| Requirement |
Please copy exactly the part of the records below that opens with the line containing "Close up of" and closes with the line containing "Sparklers Closeup With", leaving out any pictures.

| Study material |
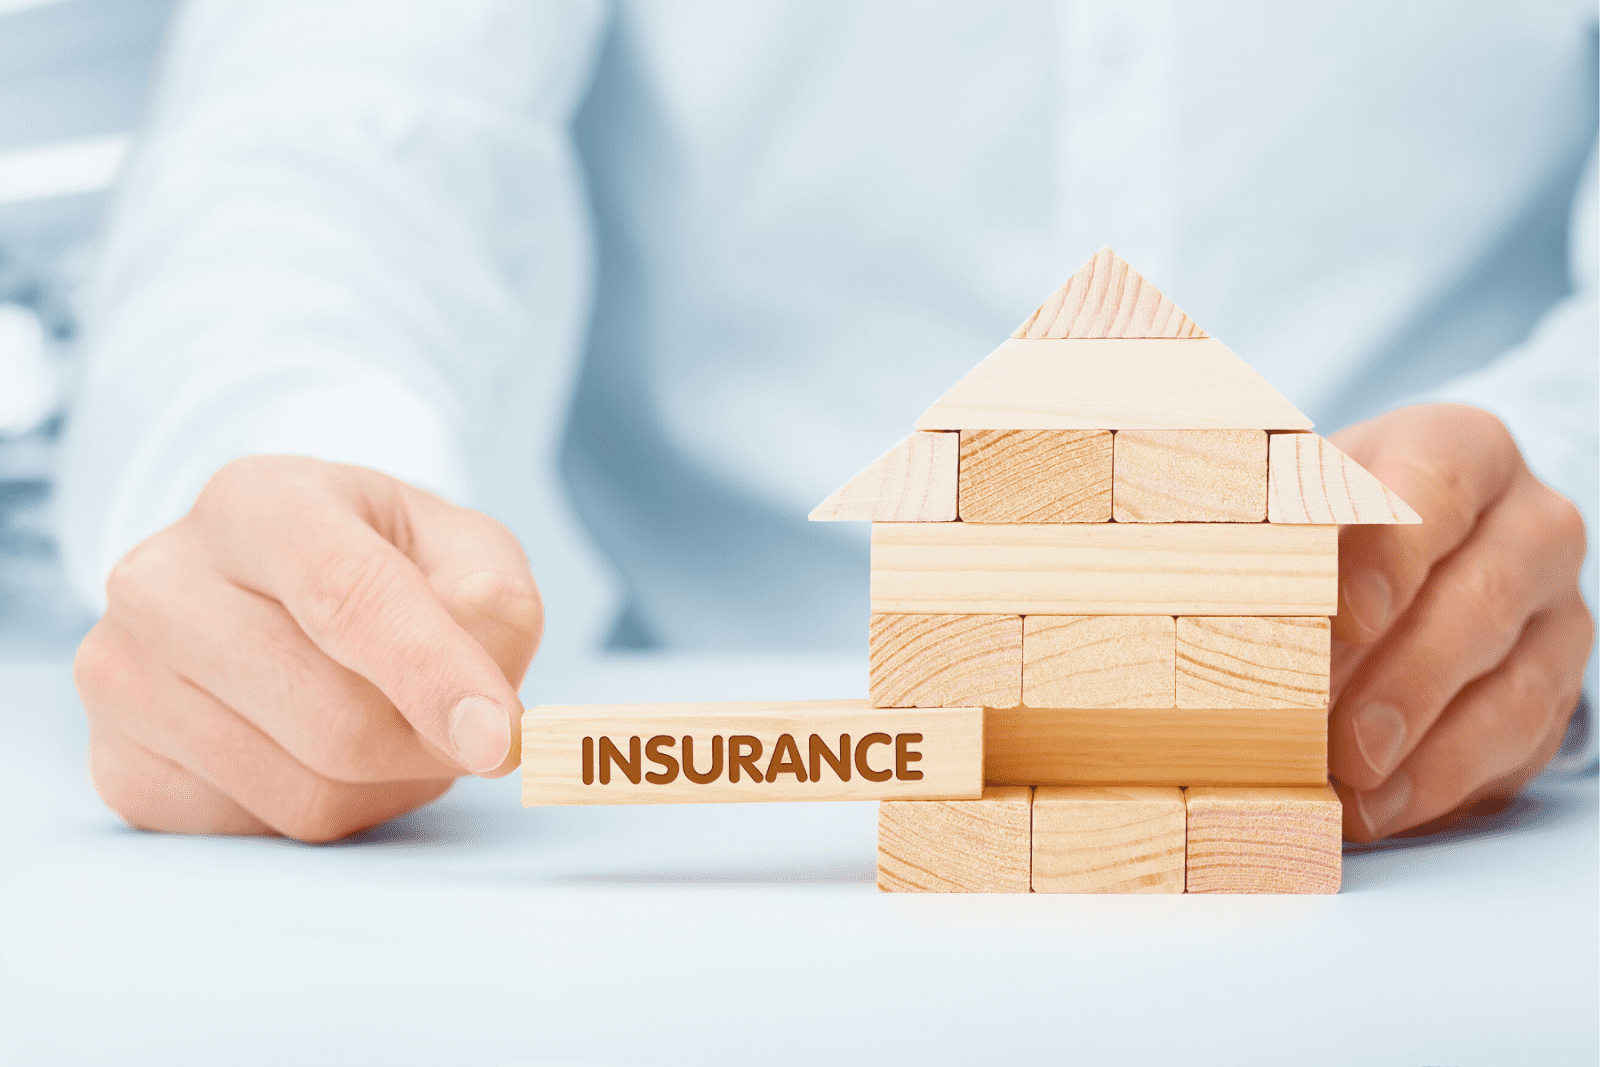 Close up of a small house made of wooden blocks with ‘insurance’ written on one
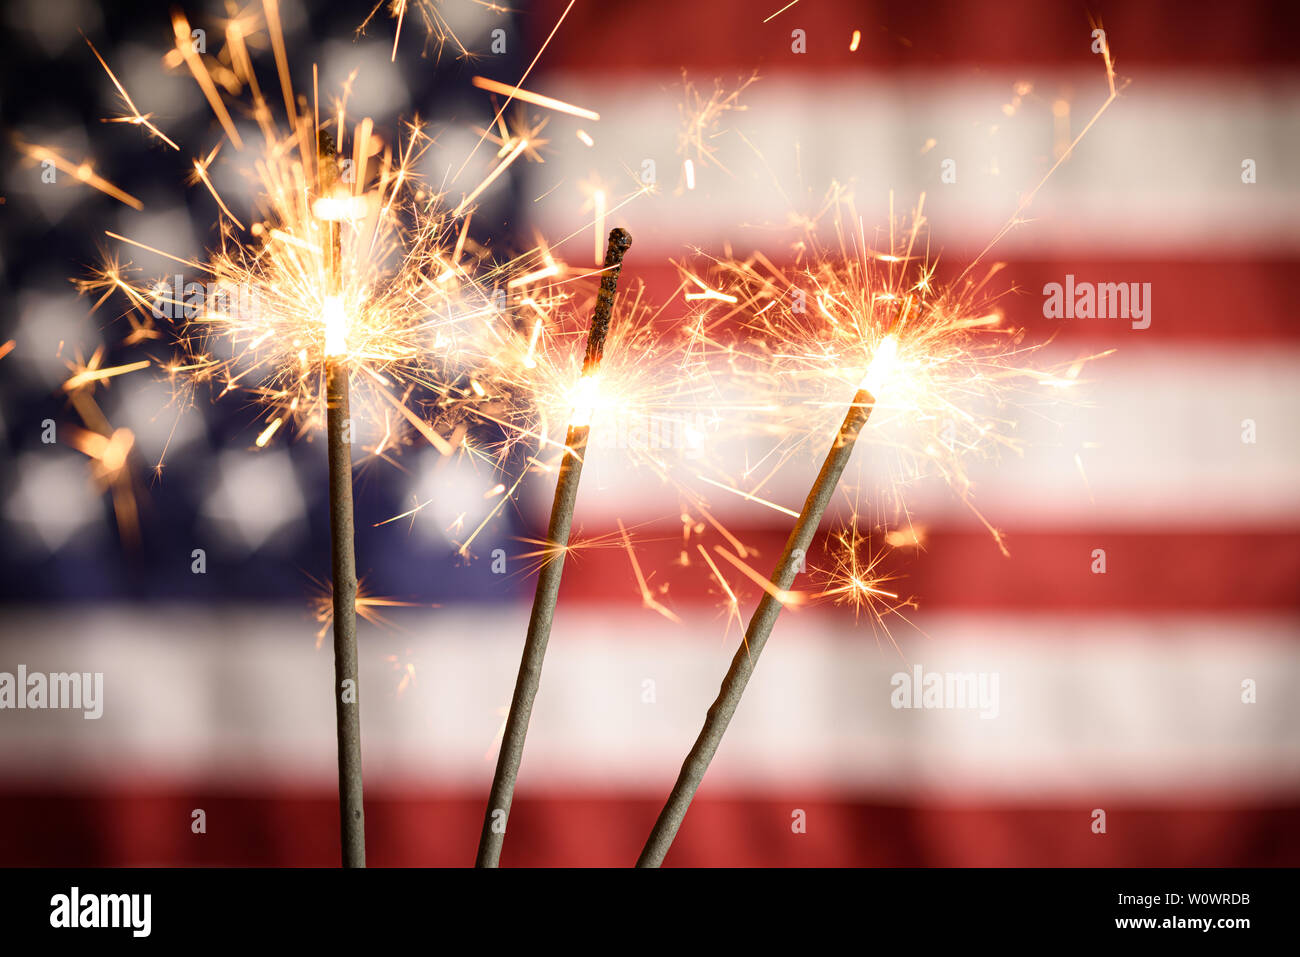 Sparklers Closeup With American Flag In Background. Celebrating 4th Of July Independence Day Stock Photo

...

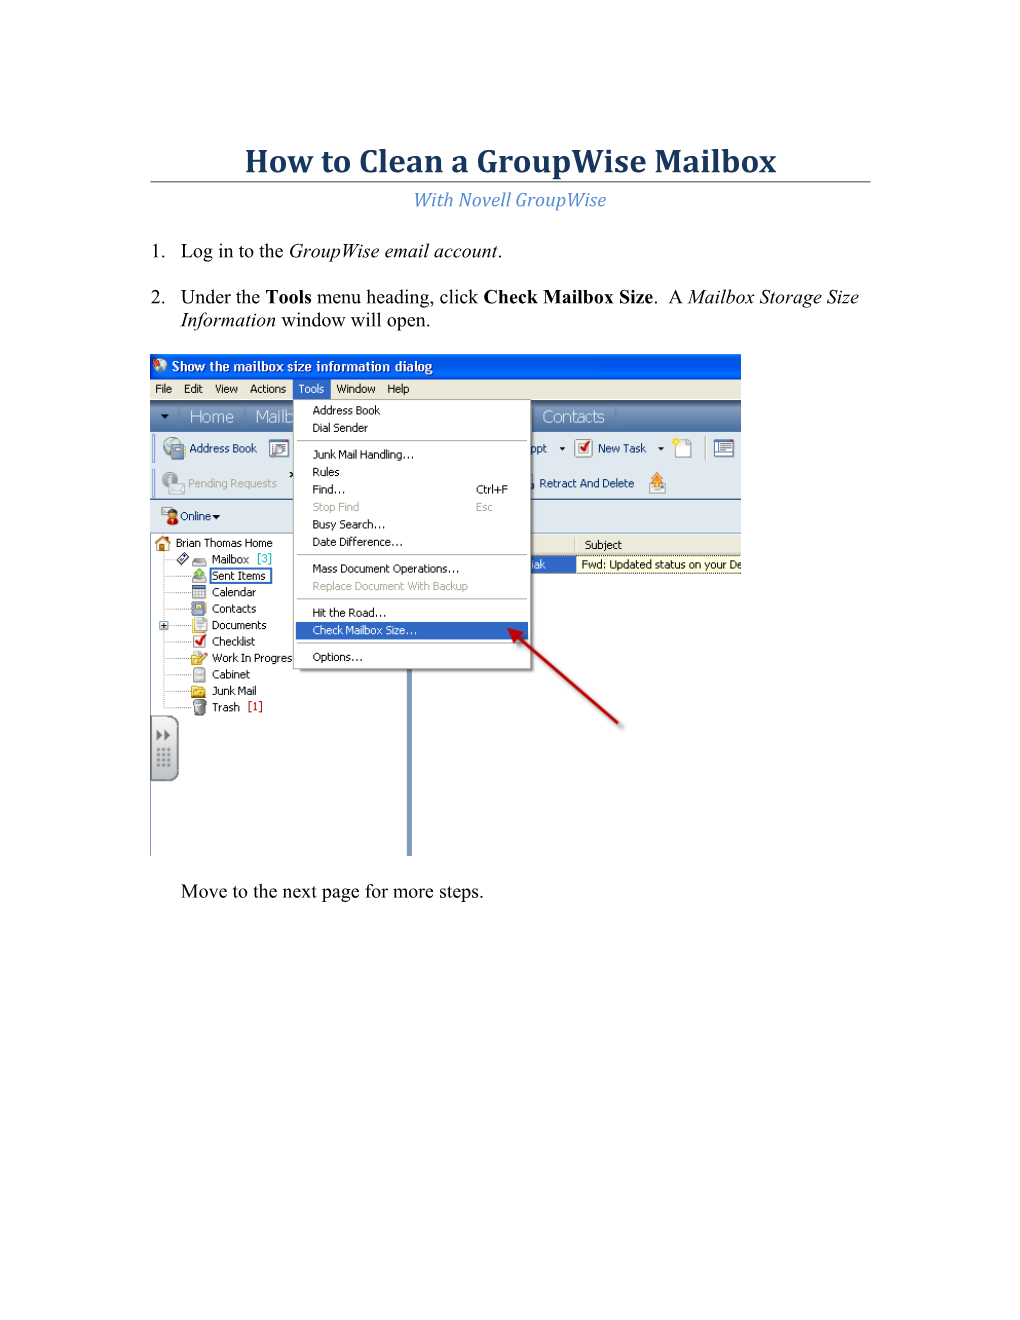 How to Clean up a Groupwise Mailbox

--

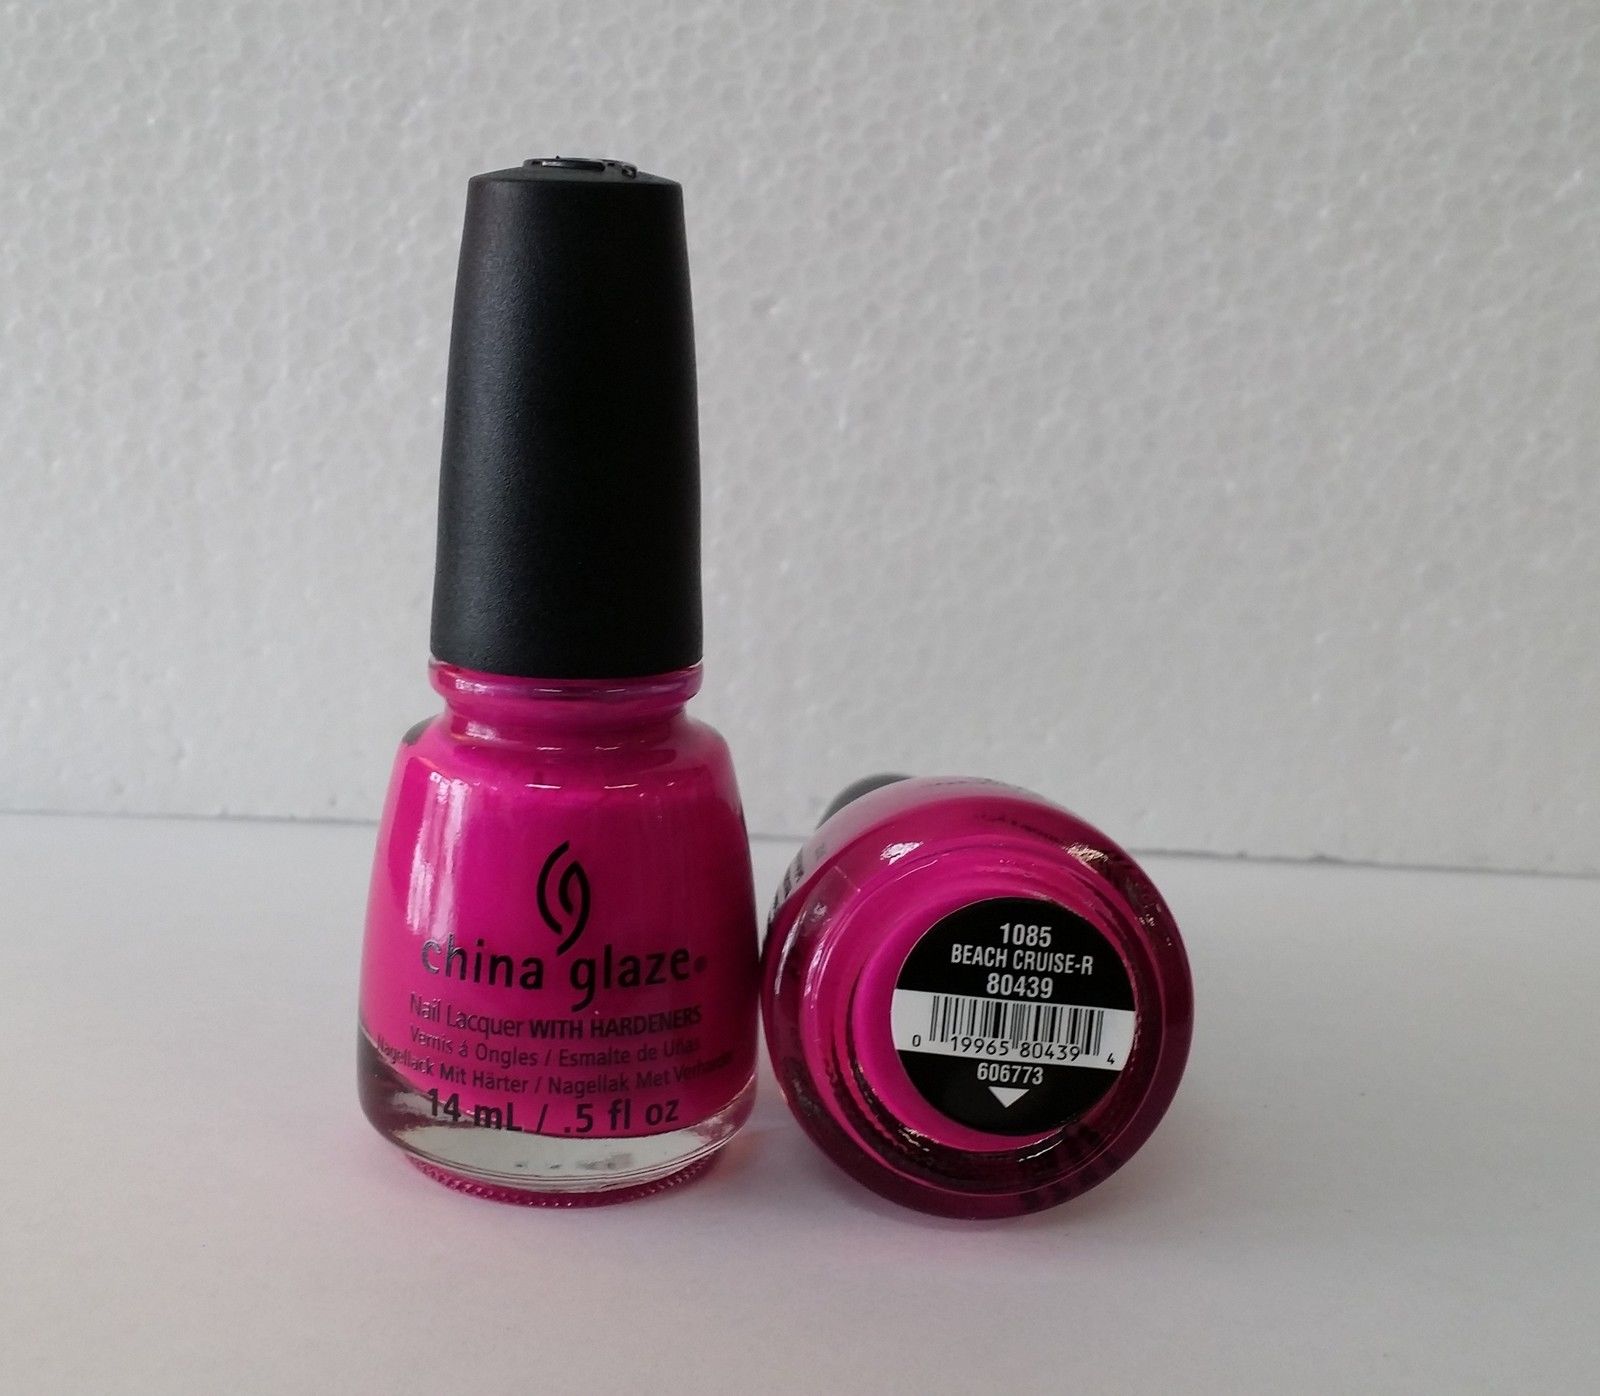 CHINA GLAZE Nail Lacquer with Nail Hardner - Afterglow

| Answer to this exercise |
 Close up of a small house made of wooden blocks with ‘insurance’ written on one
 Sparklers Closeup With American Flag In Background. Celebrating 4th Of July Independence Day Stock Photo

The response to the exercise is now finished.